É possível aos Senhores na qualidade de representantes de 2 grandes centros de referência em Doenças do Neurônio Motor na América Latina, UNIFESP e USP,  fazerem  contato com os representantes dessas empresas que estão patrocinando esses ensaios clínicos FASE III, no sentido de que seja ofertada a essas empresas a oportunidade de se investir em trials de ELA também no Brasil?

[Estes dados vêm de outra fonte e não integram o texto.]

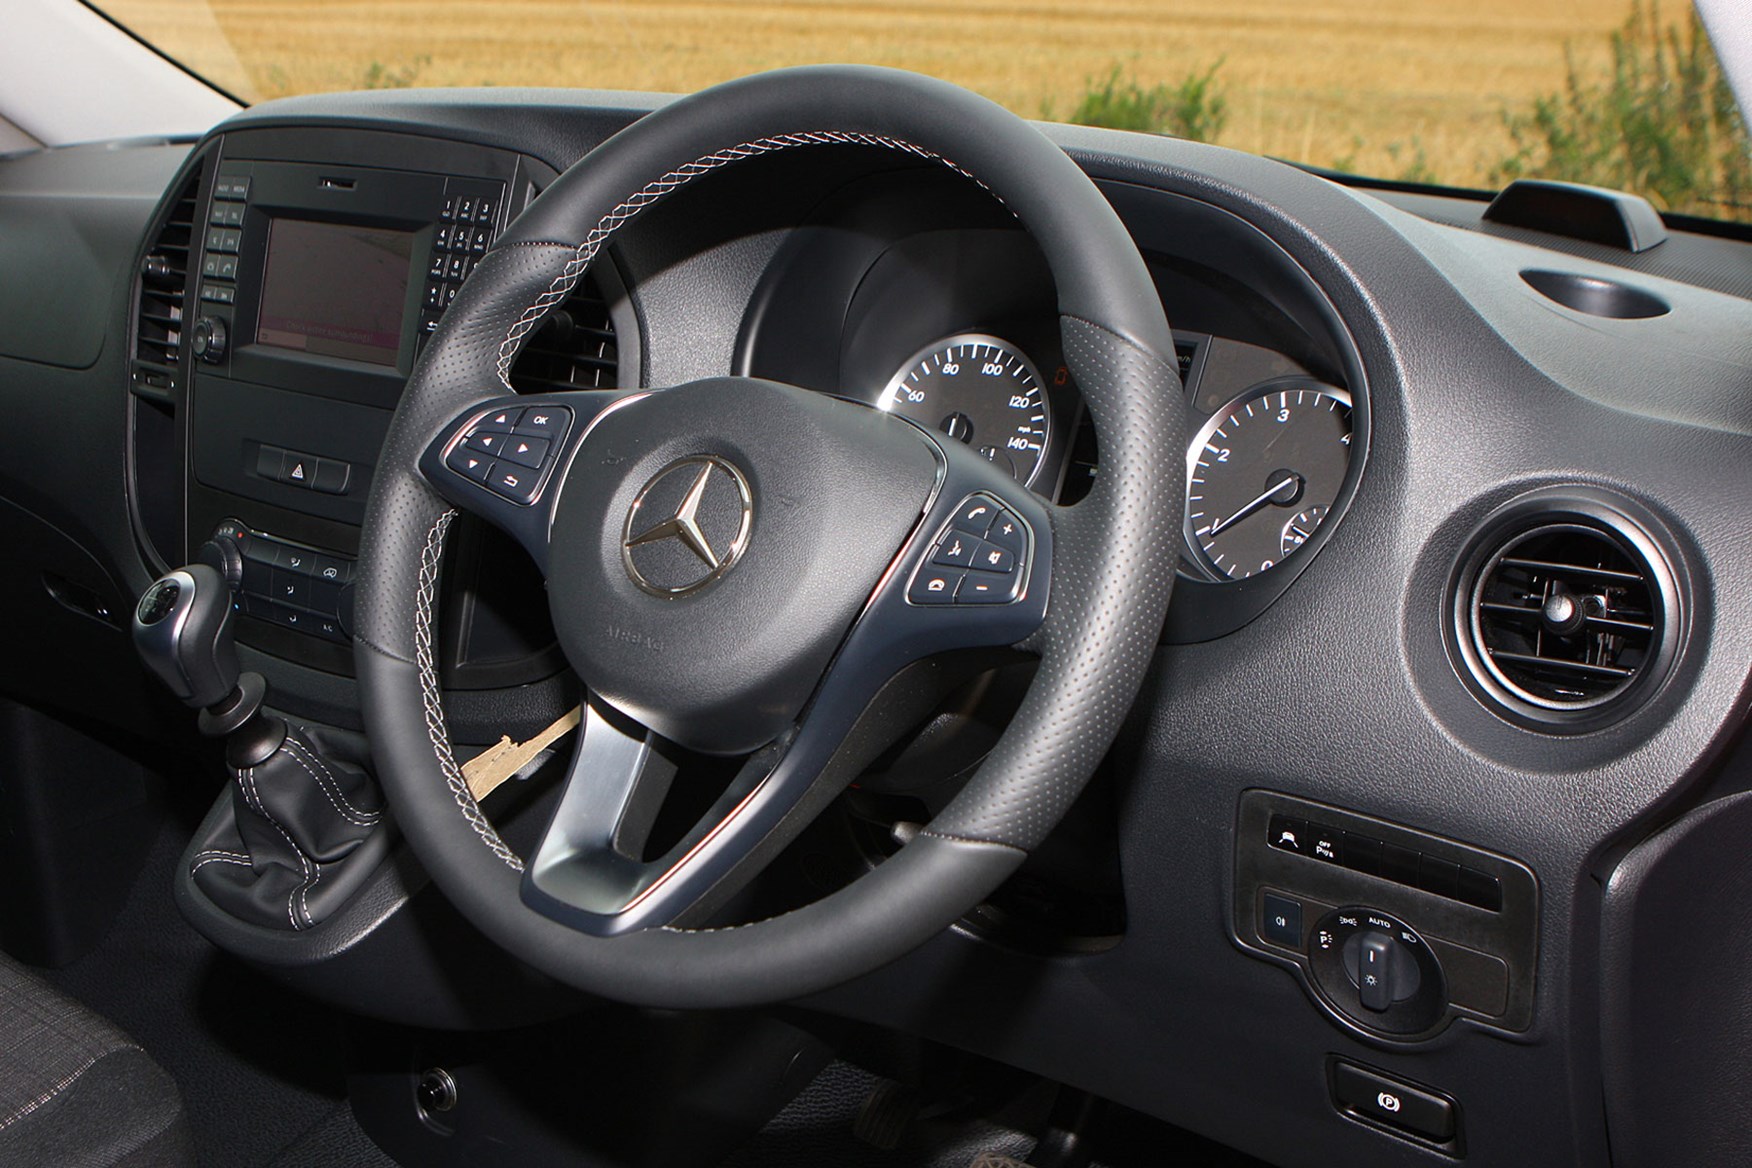 Mercedes-Benz Vito 111CDi Long review - cab interior, steering wheel, dashboard
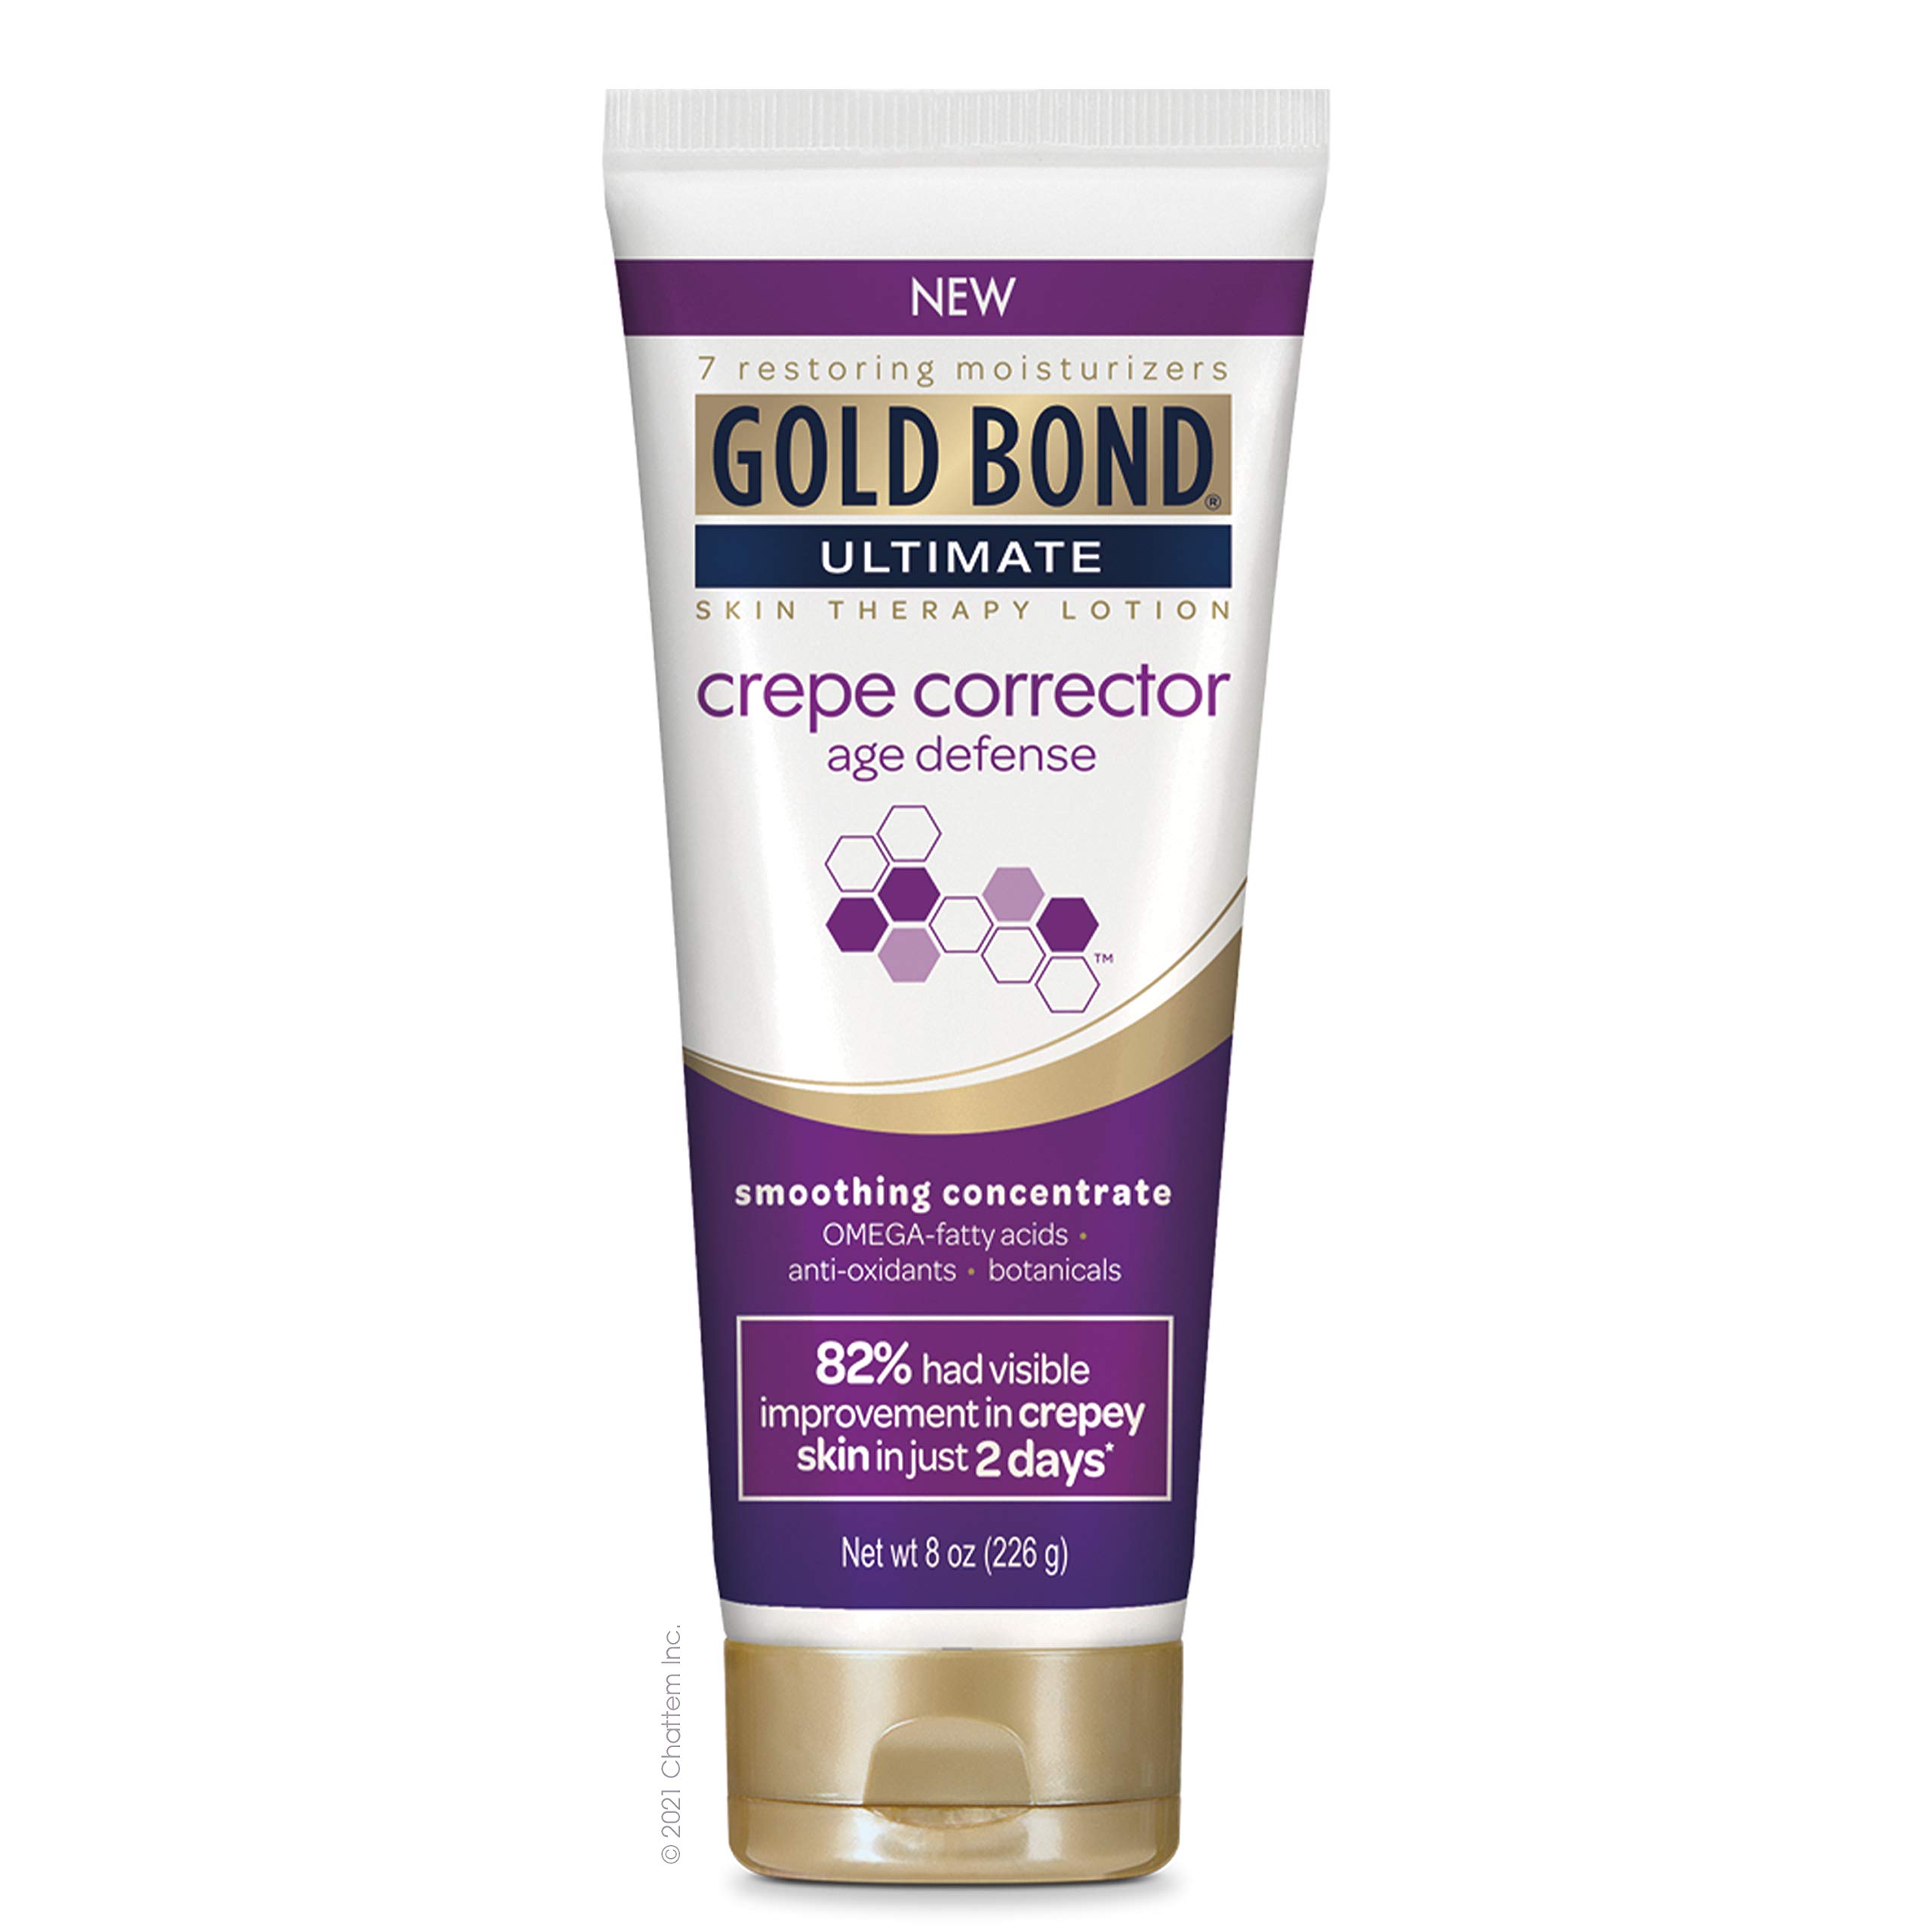 Gold Bond Ultimate Crepe Corrector 8oz $2.98 Discount Coupon $6.99

 O Brasil faz parte do agrupamento Brasil-Rússia-Índia-China e África do Sul-BRICS, e sua importância no cenário político-econômico mundial não pode passar despercebido quando falamos em pesquisa e ciência. Além disso, temos aqui no Brasil um contingente enorme de pacientes ansiosos por serem incluídos em algum protocolo experimental, o que diminuiria em muito a ansiedade e a angústia que hoje nos rodeiam pela ausência desses protocolos no Brasil, o que tem levado muitos a se aventurarem em pseudos tratamentos, caros e sem qualquer certeza de nada.

A situação dos pacientes acometidos de ELA no Brasil é particularmente  desesperadora, pois a exceção de São Paulo e outros poucos municípios, o que o paciente de ELA tem é a completa ausência do estado e a falta de uma política pública que os ampare em suas necessidades mais primárias. Além disso, temos contra nós um inimigo feroz - o tempo, deste modo, em pouco ou nada avançamos nessa discussão, as pessoas que hoje nutrem um pingo de esperança, serão os lutos que vamos chorar amanhã.

Portanto, não há tempo a perder, queremos e precisamos discutir com os Senhores todas as possibilidades de tratamento, e queremos entender o que é e o que não é possível nesse momento.

Senhores tão logo nos respondam estaremos divulgando essa mensagem nas redes sociais de ELA de todo o Brasil.